Open rdlou opened 6 years ago
Paris comes up as United States, Sydney comes up as Canada....
Think of geotext as the general framework on how to extract named entities (low level approach) that are then looked up in an exemplary table of cities. If you want to be able to distinguish between cities in the US, Canada or Australia you could always provide the proper logic in separate lookup tables on your own.
Thanks @iwpnd iwpnd. I've ended up doing that using geocache So it will come back with a list which has city, country and confidence score.
So if you said "I live in London" it would come back with:
[{"city":"London","country":"United Kingdom","confidence": 50},{"city":"London","country":"Canada","confidence": 25}]
London UK gets a higher score because it has a higher population.... That sort of thing.

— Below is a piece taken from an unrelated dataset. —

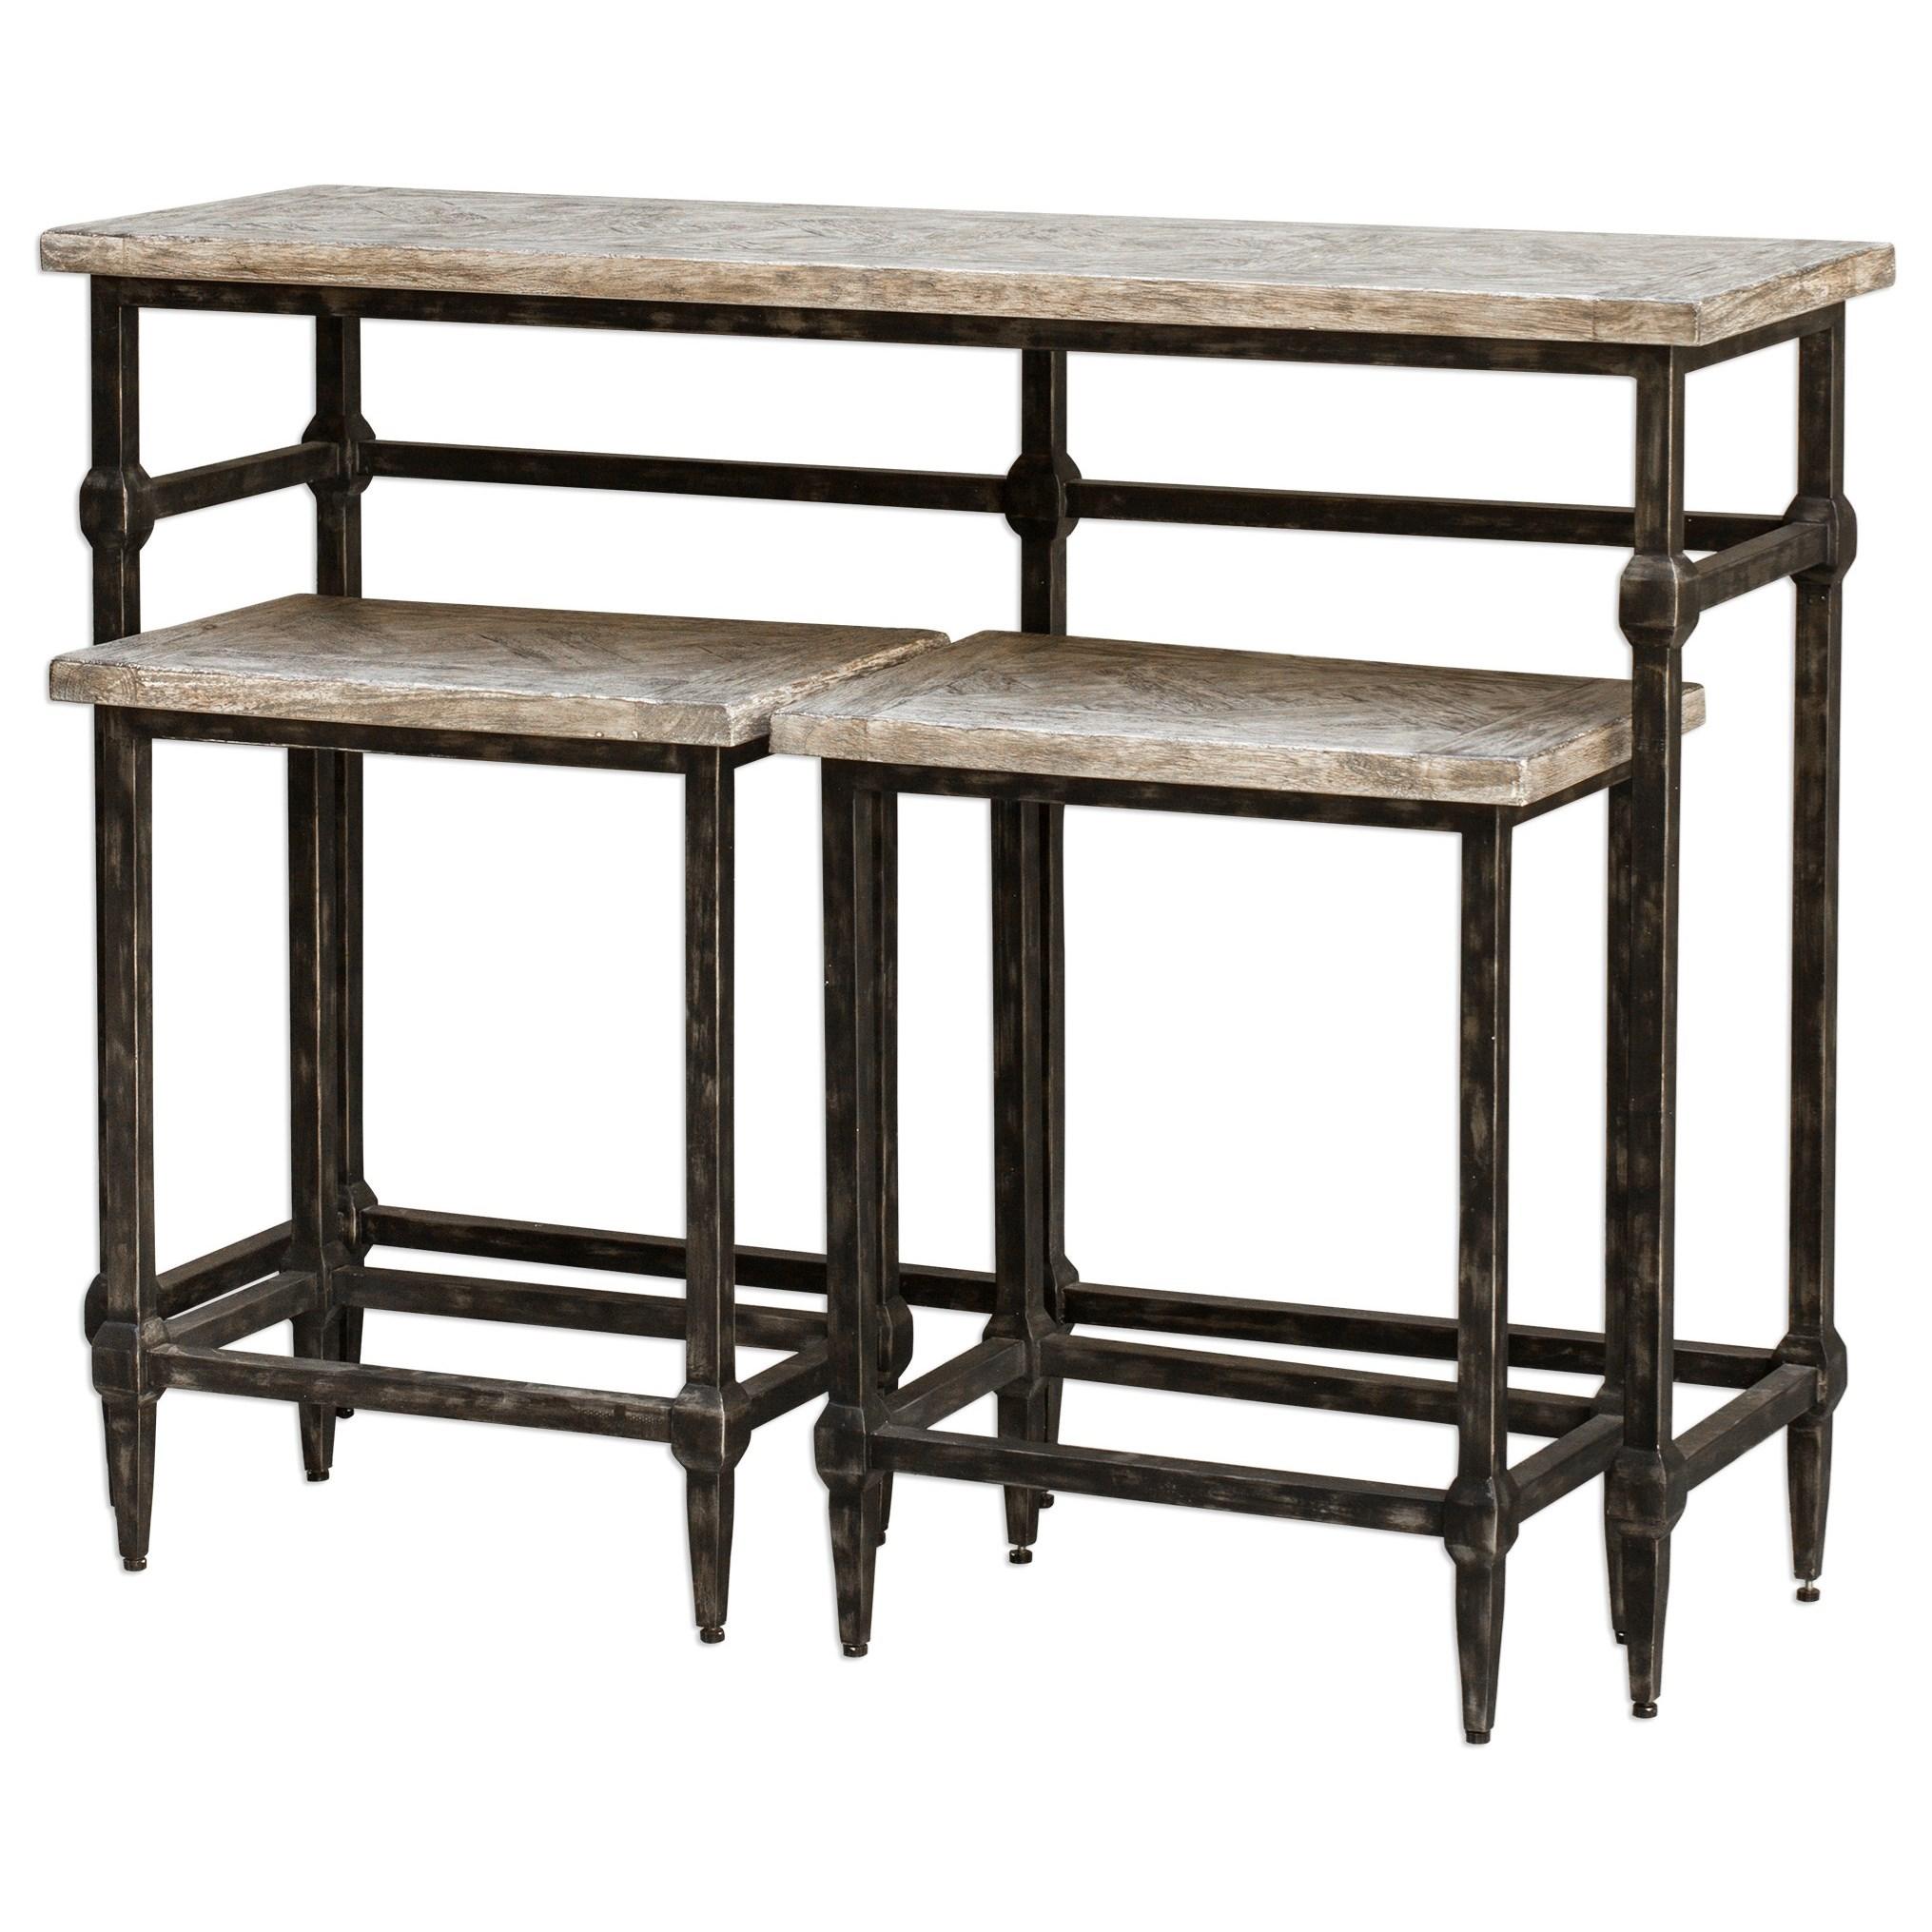 Accent Furniture Tameron Bistro Set S/3 by Uttermost at Mueller Furniture

If "Ontario" or "Canada" was in the sentence then that would get a better score. Might upload the code.
Thanks for your response, appreciate it.
I like the idea, thanks for sharing!
rdlou -- your idea seems great! This is what I ended up doing -- I made a text doc like this: Dublin: Cork, Paris: Dijon, Moscow: Vladivostok, ... where the first city is the one that's mistaken and the second city is a city that returns the correct country (as in there isn't another city by that name in the US). I used regex and made replacements. Here's my code: https://github.com/MAVRYK/GW-Project3/blob/master/data_prep/location_extractor.ipynb
(In case you're wondering about the stopwords I removed, they're words like Franklin Harrison Liberal Helena Defiance that clearly aren't a city name.)
I was having the same problem. My simple solution was to sort the cities15000.txt
datafile by ascending population, so that the biggest cities get processed later and overwrite the smaller cities in GeoText.index.cities
.
Hi, I am running single cities through the country_mentions func and both of them are coming up only with "OrderedDict([('US', 1)])"
I understand that these are places in the US, but obviously Melbourne is pretty significant in Australia, as is Bristol in the UK. Should the Dict come back with numerous country mentions?
Thanks!